De um lado, o feérico Os Chapéus de Chuva de Cherburgo, como que a pintar de cores garridas a idade da inocência e a abafar a memória das guerras com diálogos cantados à chuva; do outro, e ao invés, a naturalidade da luz solar a rasgar os cenários e a sair para a rua celebrando a alegria e a liberdade de movimentos num evento de romaria itinerante. Pelo meio, o apego à sua terra, ao musical, às suas memórias. E Catherine Deneuve. Agnès Varda, a cara metade, companheira de viagem, de vida e de cinema, de mais de três décadas de Jacques Demy, haveria de fixar essa memória no tocante documentário biográfico Jacquot de Nantes. O seu cinema é tudo isso e é, em boa parte, este par de filmes, estes dois “demis”, que fazem este filme maravilhoso que é Jacques Demy.

O colorido do papel de parede da loja de guarda-chuvas contrasta com o loiro platina da cabeleira da luminosa Deneuve, aqui a dar os primeiros passos e quase a tornar-se na estrela internacional que seria pouco depois. Para esta celebração do musical made in Hollywood, Demy convocaria parte das memórias da sua infância, como a garagem do pai onde se passa parte da ação sempre com os deliciosos diálogos cantados de Demy, devidamente acompanhados pela música irresistível de Michel Legrand que dá cor ao romance em três atos entre Deneuve e Nino Castelnuovo tão bem captado pelo trabalho elegante da câmara de Jean Rabier. Os Chapéus de Chuva de Cherburgo representam uma obra máxima do cinema musical que trata temas sérios  de forma ligeira, como a guerra da Argélia ou até a gravidez fora do casamento, com a particularidade de não necessitar sequer de um happy ending.

Impulsionado pelo sucesso dos “guarda-chuvas”, Demy vai ainda mais longe na sua celebração do género, superando em As Donzelas de Rochefort o lado de operetta mais estático do anterior pelo desejo de trazer para a rua o movimento e a dança em cinemascope. Deneuve regressa ao lado da mana Françoise Dorléac para o mais célebre número musical do filme, em que celebram a alegria de viver e o facto de serem irmãs gémeas. E é aqui que nos apetece trautear nous sommes deux soeurs jumelles nées sous le signe des gémeaux… 
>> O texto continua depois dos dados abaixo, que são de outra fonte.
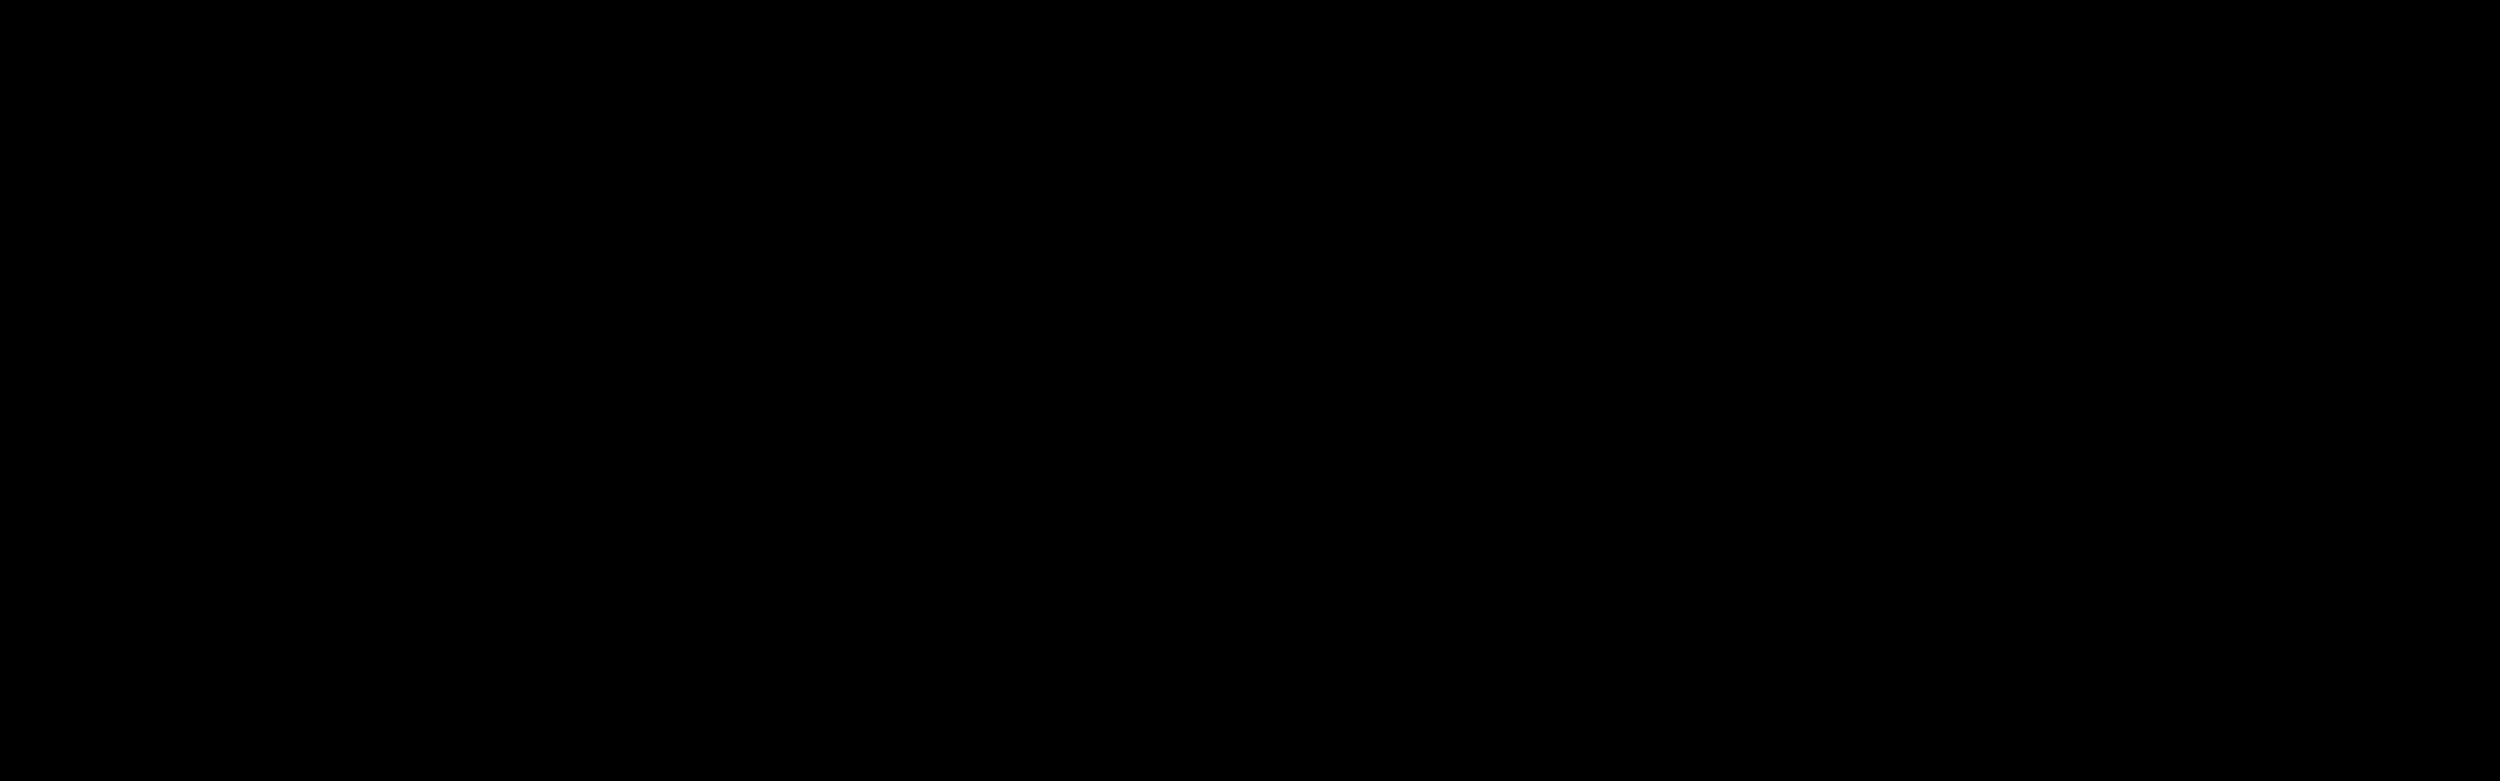 Spenn_logo_k_3000px.png

Ela que acabaria por falecer vítima de um acidente automóvel meses depois da estreia de Rochefort. O cast de luxo incluirá ainda Gene Kelly, na seu derradeiro musical, bem como Michel Piccoli, Daniele Darrieux ou George Chakiris (o Bernardo de West Side Story). Sem vergonha de referenciar os clássicos do género, de usar complexos (e fabulosos) movimentos de grua e de se ao mesmo tempo um filme tão simples, Demy transcende-se num musical pleno. E será talvez essa a maior valência, mesmo quando navega dentro do registo de género. Precisamente, aquilo que Damien Chazelle não conseguiu fazer com o musical desprovido de alma que é La La Land.